И щупальце, источая запах любви, извиваясь, как змей, поплыло к самке. Я провожал его довольно долго, до самого близкого безопасного расстояния. Я начал успокаиваться, половой акт, пусть и в усеченном виде, для меня уже случился.

А щупальце, чувственную связь с которым я не утратил на расстоянии, плыло к желающей самке. Я видел её и физически ощущал, как она хотела самца. Щупальце, часть меня, часть самца, а, значит, и само по себе — самец, приблизилось и вошло в неё. Самка раскрылась вся, как огромный, переливающийся всеми красками, цветок, и отдала свою икряную полость во власть твердого, мускулистого щупальца. Щупальце волнообразно дернулось, развернулось и излило из себя тягучую молоку.

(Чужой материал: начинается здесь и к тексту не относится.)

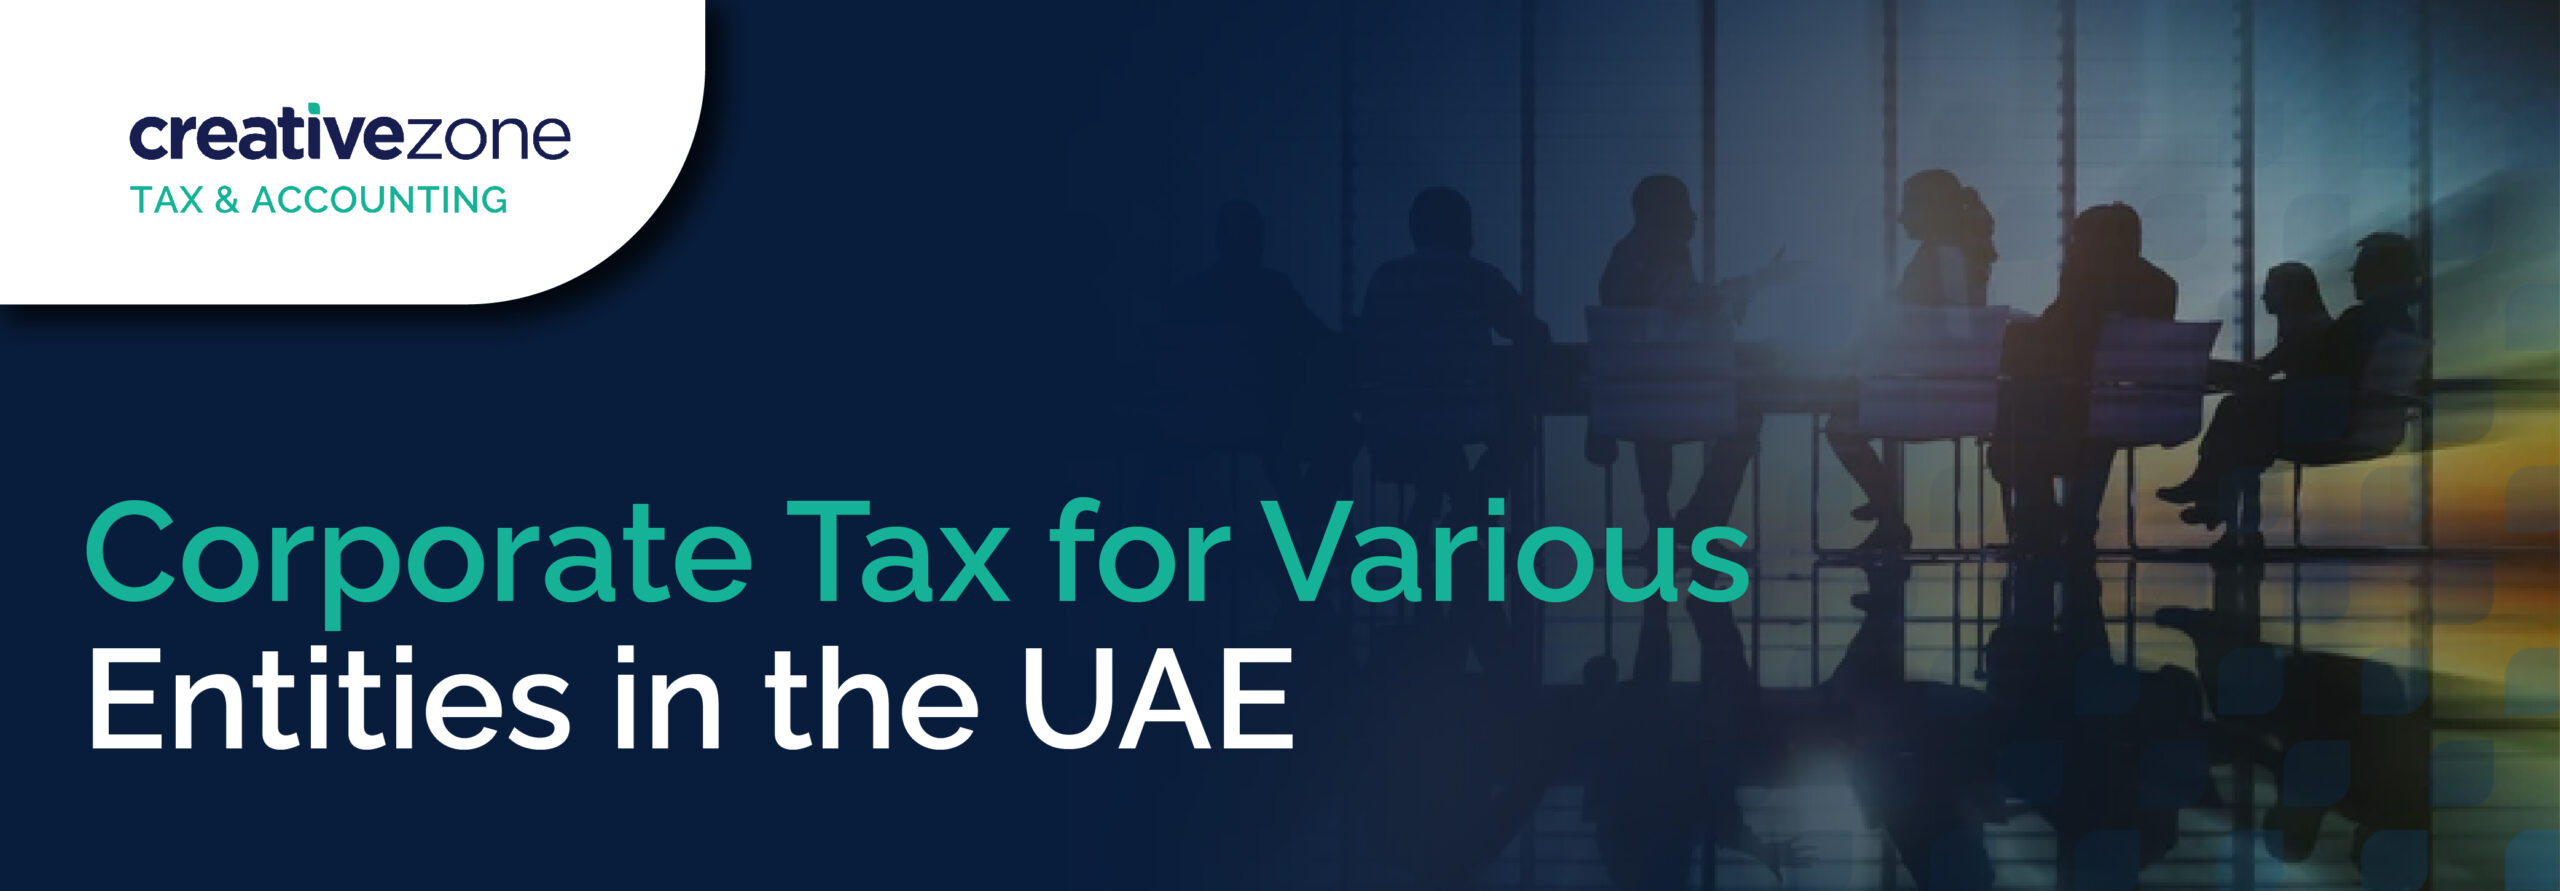 Corporate Tax for Various Entities in the UAE
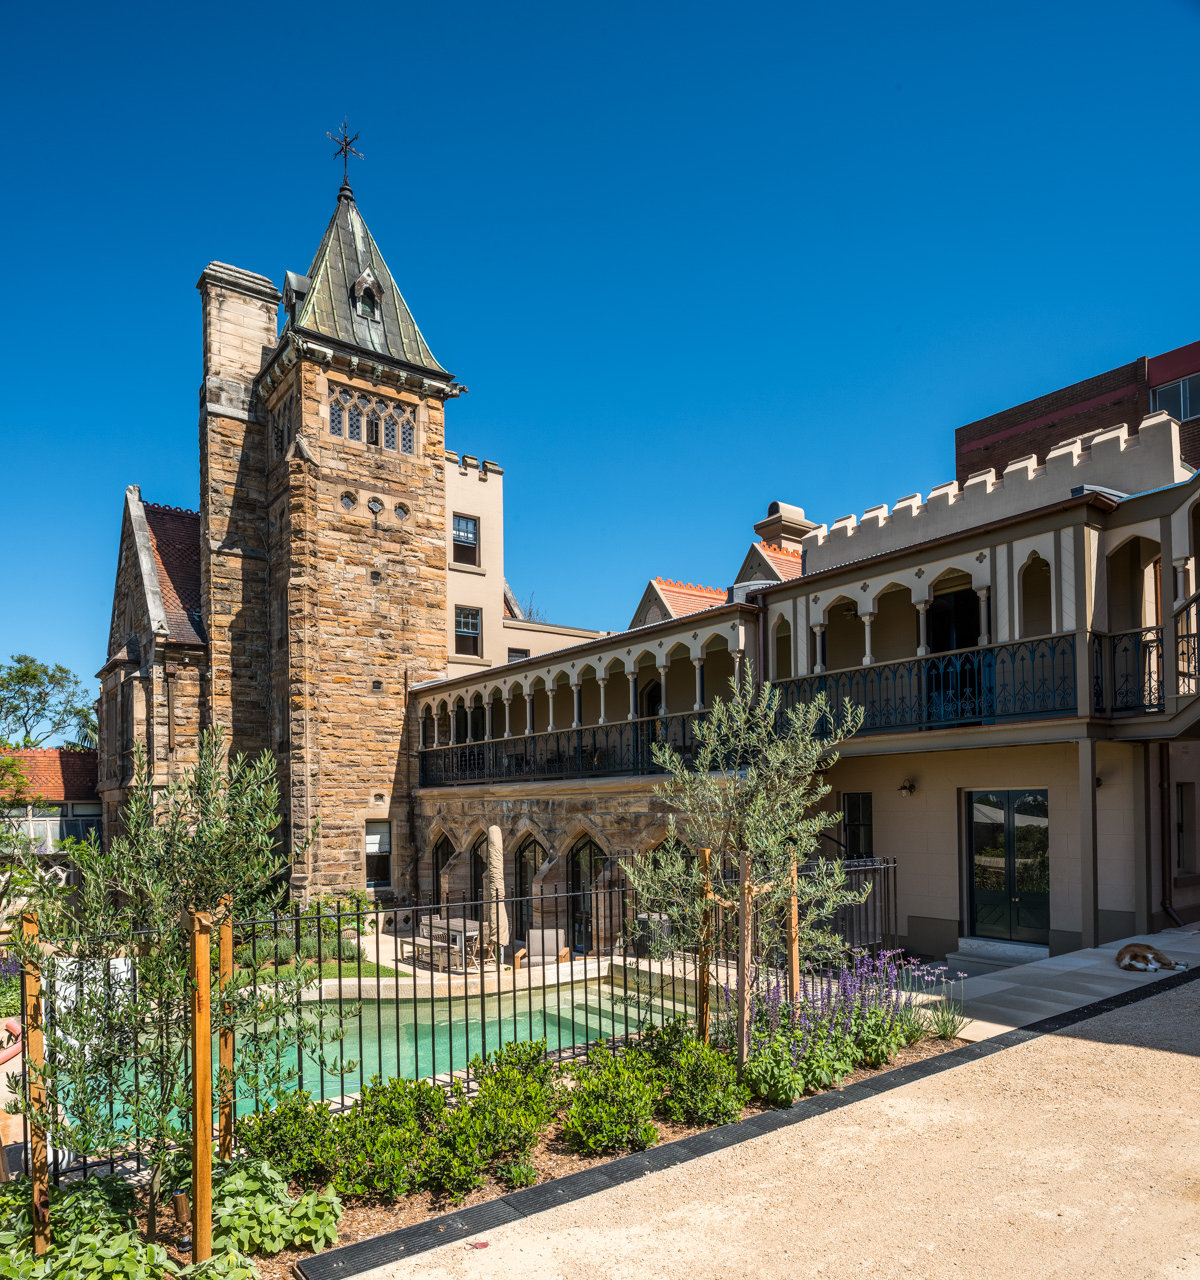 The Abbey, Annandale, NSW

Я на расстоянии, через щупальце, живущее самостоятельной, но одновременно и моей жизнью, почувствовал влажную прелесть икряной полости, почувствовал оргазм закричавшей самки, услышал стон оплодотворяющейся икры. И наслаждение воспрянуло во мне, тщеславное наслаждение от того, что я овладел-таки этой самкой, и она кричит, бьется, не помня себя от счастья, которое я ей доставил. Поток чувственности оказался так ощутимо силен, что я, мгновенно возбудившись, ещё раз выстрелил струей семени в пространство океана и вкусил, сразу расслабившись, блаженство опустошенности. Соки удовлетворения нежно потекли в моём теле, делая меня одновременно слабым и весёлым.

Самка в угаре страсти терзала клювом щупальце, продолжавшее биться в ней. Я коротко почувствовал боль, сладость этой боли, такую странную после оргазма. Щупальце умирало, жизненная сила в нём иссякала. «Прощай», — прошептал я ему и сразу перестал его чувствовать.

— Прощай, девочка! — крикнул я самке. — Ты была хороша. Прощай!

— А-а-а?… Да-а-а, — прохрипела та в ответ. Она, абсолютно переполненная ощущениями и гормонами, рухнула на дно, подняв легкое облачко мути. Я воспользовался моментом замешательства и поплыл вдаль.

Я летел в сторону своей долины и пел любовную песню дна:

Ты — избранница моя.

Только ты достойна семени моего.

Только твоя икра достойна стать детьми моими.

Я избрал тебя, прекрасная!

Было хорошо, легко, пульсировали силы. И, наверное, если бы на меня тогда напала молодая акула, я бы не отступил, а дрался. А лучше бы мне встретилась не акула, а ещё одна самка. Только не такая стерва. Уж я бы её… осеменил вовсю.

Всё-таки очень приятное, сладкое и как-то поднимающее занятие — совокупление с самкой. Я всегда самозабвенно брызгал молокой. Кажется, я при этом ещё и размножался, плодил себе подобных. Жаль только, что такое приятное и насыщенное занятие отнимало все силы — ни на что другое жизненной энергии не оставалось. Зато ни к чему другому не возникало такого жадного желания.